8                        For the reasons discussed above, we affirm the appealed order. 

            By the Court.—Order affirmed.

            This opinion will not be published.  See Wis. Stat. Rule 809.23(1)(b)4.

 

 


 



[1]  This appeal is decided by one judge pursuant to Wis. Stat. § 752.31(2)(c) (2001-02).  All references to the Wisconsin Statutes are to the 2001-02 version unless otherwise noted.

[2]  In Tomaras’s statement of the case and facts, she occasionally refers to herself as “he.”  The record indicates that the defendant-appellant is a female.

[3]  The record contains a letter from an assistant attorney general noting that he had received a copy of “certain pleadings” in this case.  The letter notes that the attorney general had decided not to appear in the circuit court proceedings, but “may seek to appear if the issue of the constitutionality of a statute or ordinance is raised on appeal.”  The letter concludes with a request that “the parties inform our office if the matter is appealed and the appeal raises the issue of constitutionality.”  We have been unable to locate anything in the record or in our correspondence file showing that Tomaras notified the attorney general that she is attacking the constitutionality of Wis. Stat. § 343.305 in this appeal.  Nonetheless, because the issue has been conclusively decided by a published opinion of this court, we dispose of this appeal on its merits.

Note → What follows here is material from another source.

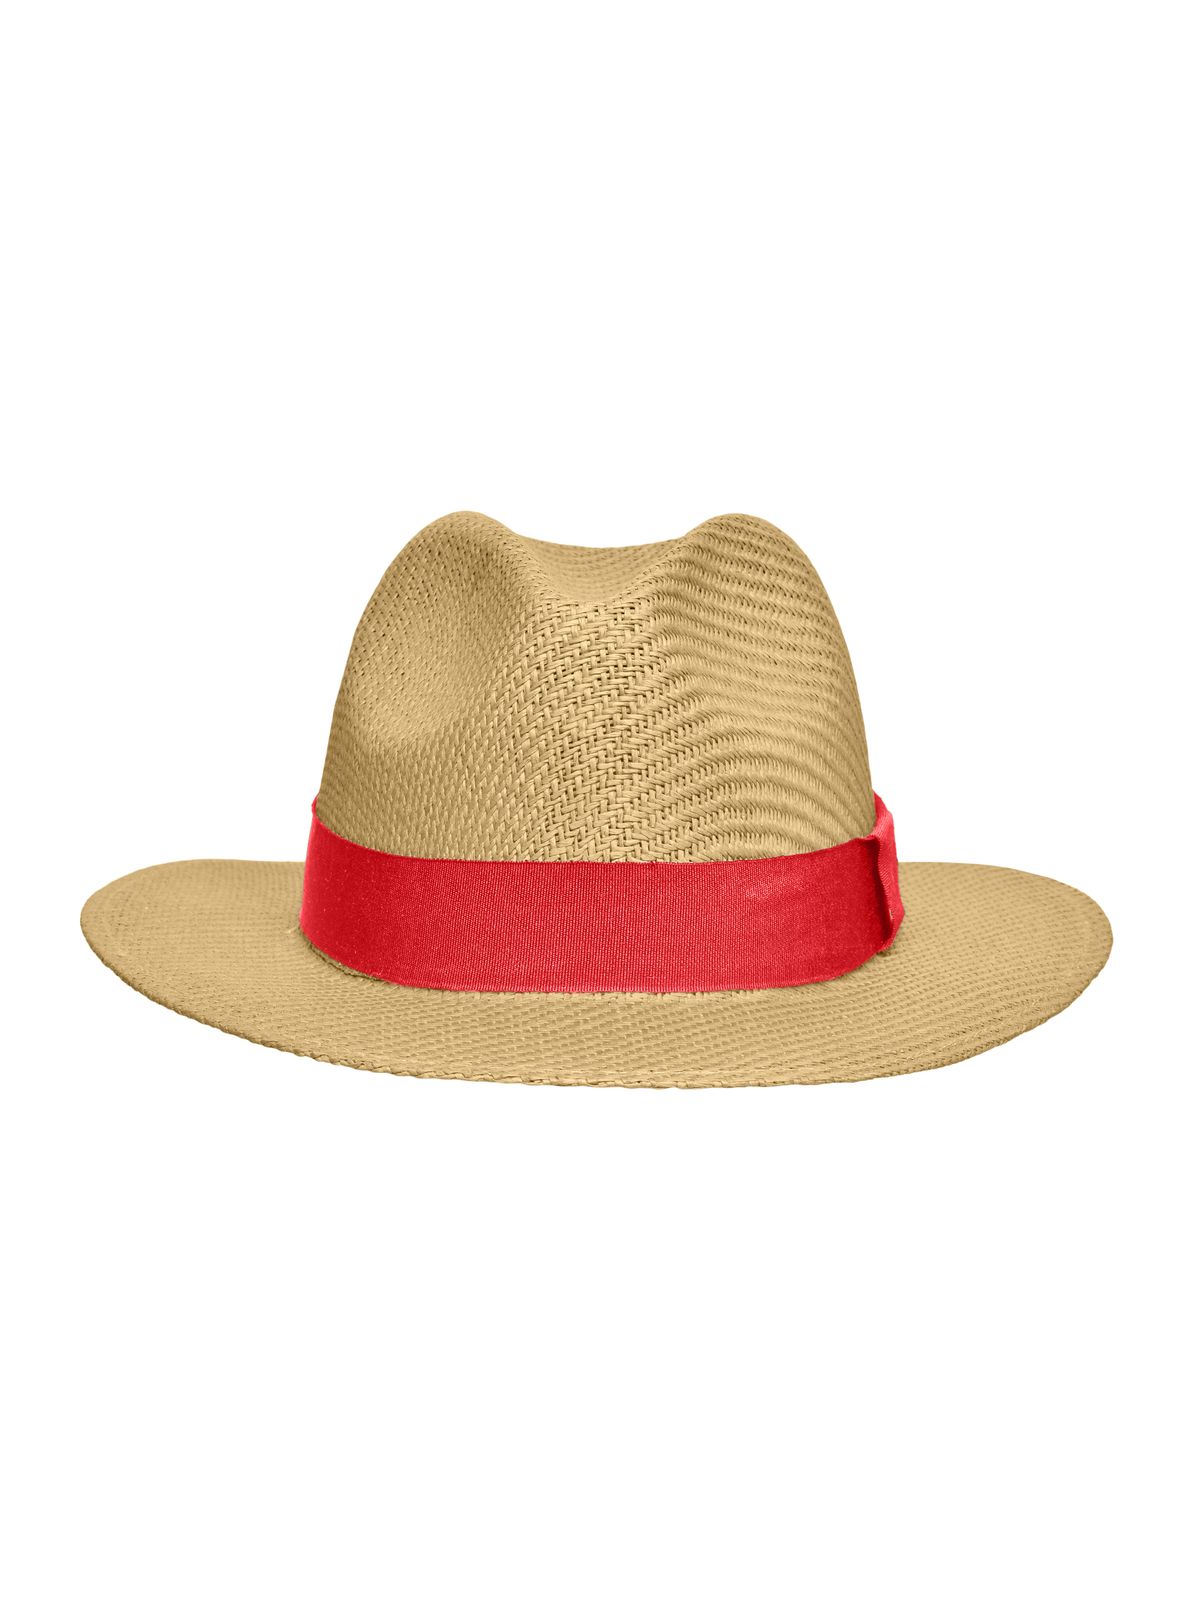 traveller-hat-straw-red.webp
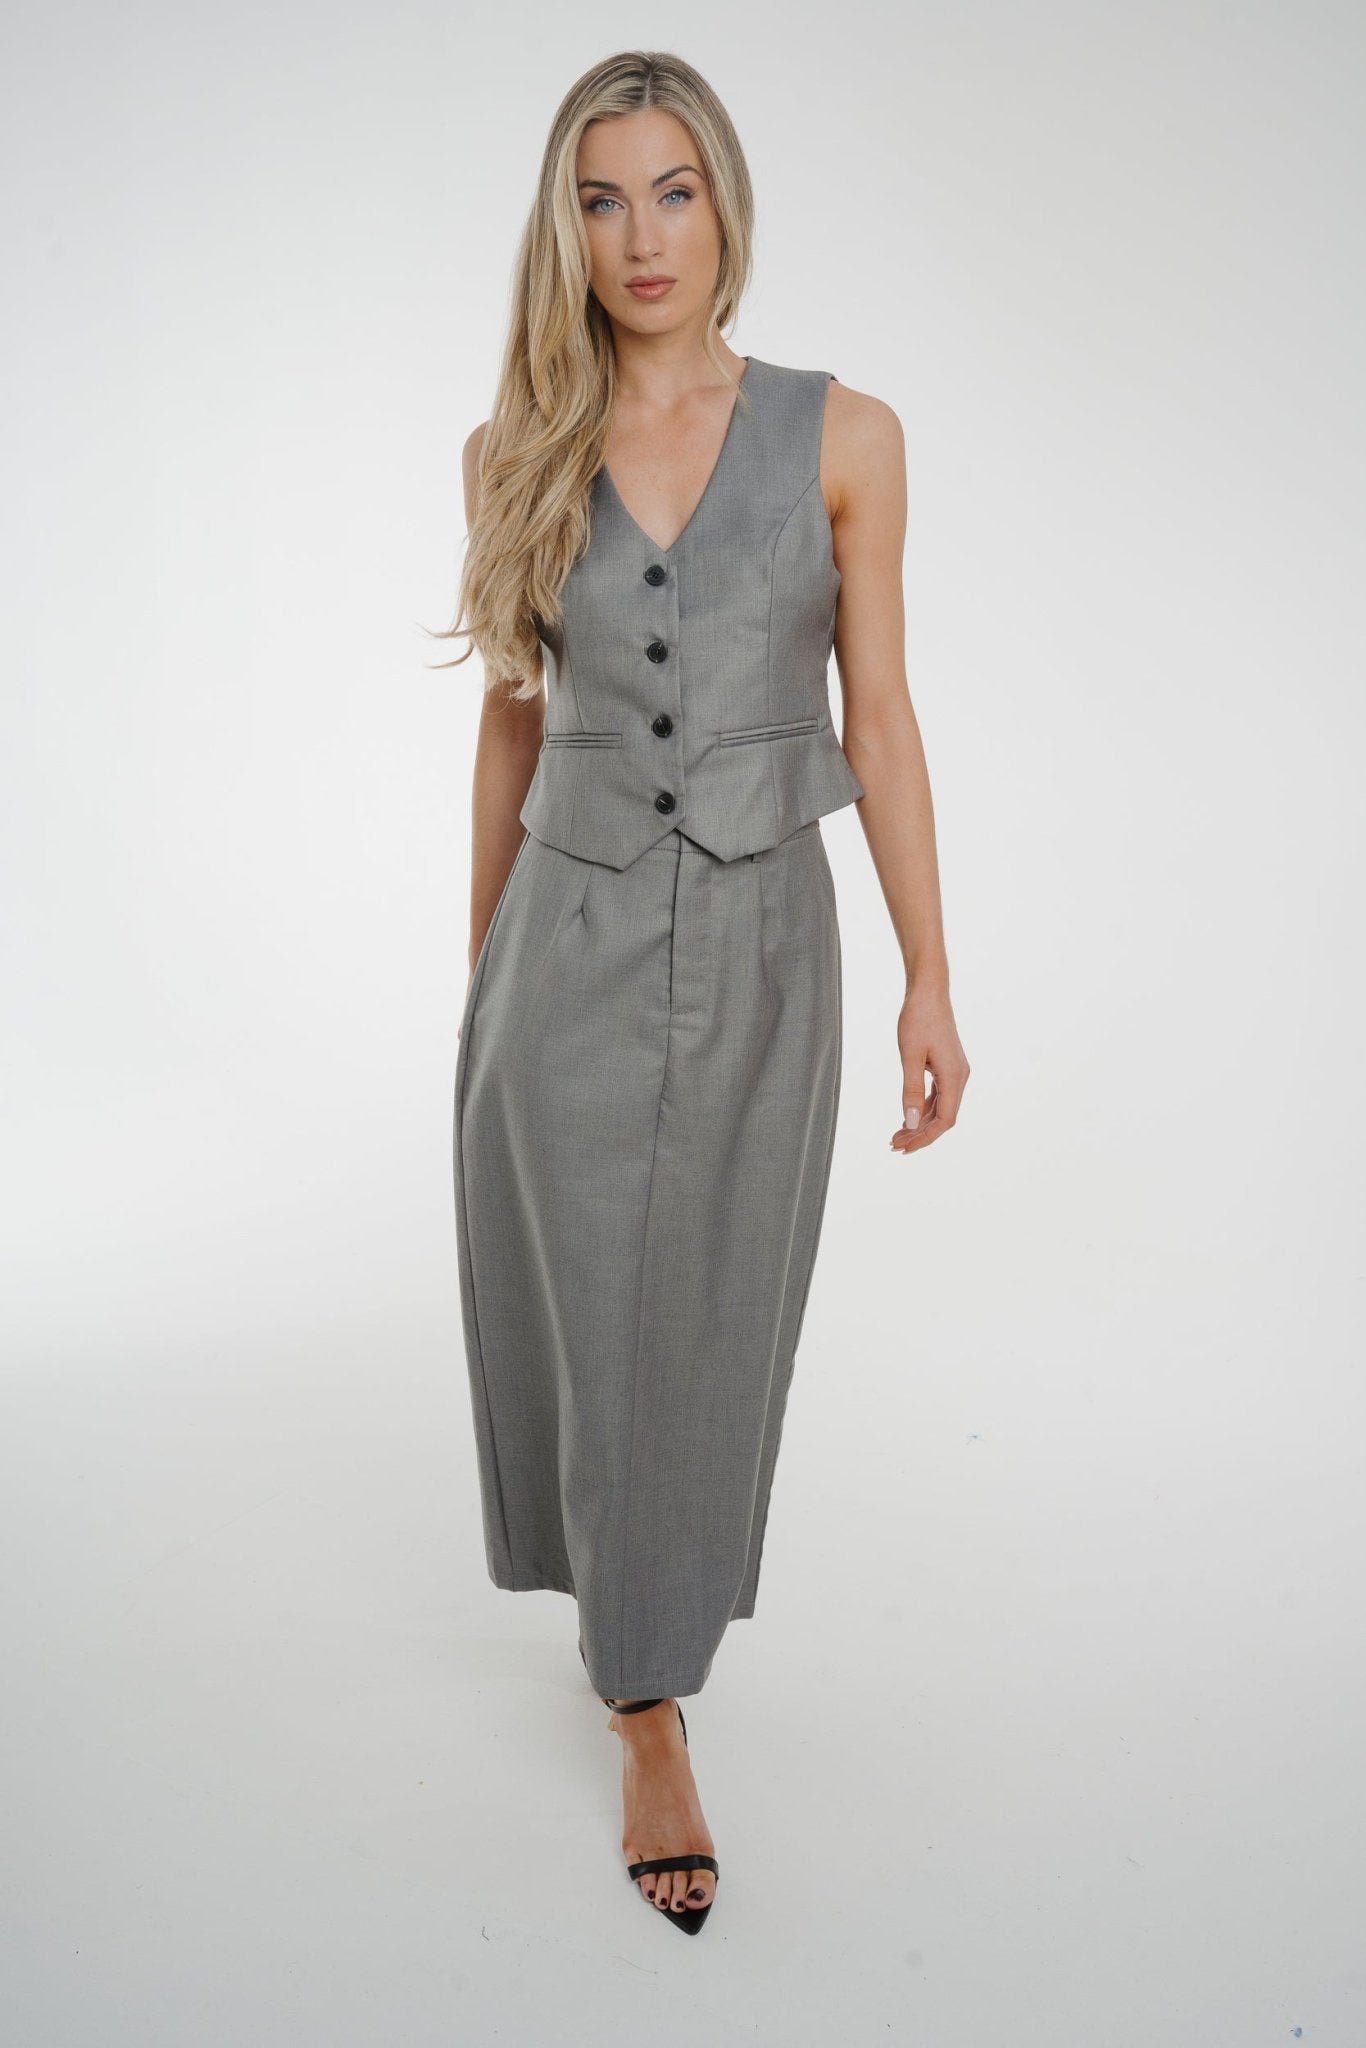 Holly Waistcoat In Grey - The Walk in Wardrobe

[4]  In her letter to us, Tomaras cites as her reason for not filing a reply brief the issuance of our decision in State v. Riedel, 2003 WI App 18, No. 02-1772-CR.  However, Riedel had little or nothing to do with the issue in this case.  We decided in Riedel that police did not need to obtain a search warrant in order to analyze blood which they had legitimately seized from a person arrested for operating a motor vehicle while under the influence of an intoxicant.  Id. at ¶16.

[5]  As is his frequent custom, counsel for Tomaras requested us to defer the deadline for filing an opening brief.  Counsel asserted in his motion that he wished to defer filing a brief until after this court’s publication committee had decided whether to publish our opinion in Village of Little Chute v. Walitalo, 2002 WI App 211, 256 Wis. 2d 1032, 650 N.W.2d 891, review denied, 2002 WI 121, 257 Wis. 2d 120, 653 N.W.2d 892 (Wis. Sep. 26, 2002) (No. 01-3060).  He further asserted that the “issue decided in Walitalo is related to [the] issue presented by the present appeal,” and that counsel “desires … to address the impact of that opinion in the arguments presented in the initial brief in this appeal, and cite to it in the context of its role as precedent.”  We agreed to the request.  Having thus obtained a delay in the briefing and disposition of this appeal, however, Tomaras’s opening brief makes no mention whatsoever of the Walitalo opinion. 

We caution counsel that we do not look kindly upon such tactics for delaying the disposition of an appeal, and we will view his deferral requests more skeptically in the future.  Either the Walitalo opinion has little bearing on the issues and arguments in this appeal, and counsel’s request to delay briefing was thus ill-founded; or the opinion represents an adverse precedent of which counsel was obviously aware, and which he was ethically bound to bring to our attention when briefing this appeal, distinguishing its holding if he could.  See SCR 20:3.2 (“A lawyer shall make reasonable efforts to expedite litigation consistent with the interests of the client.”); SCR 20:3.3(a) (“A lawyer shall not knowingly: … (3) fail to disclose to the tribunal legal authority in the controlling jurisdiction known to the lawyer to be directly adverse to the position of the client and not disclosed by opposing counsel ….”).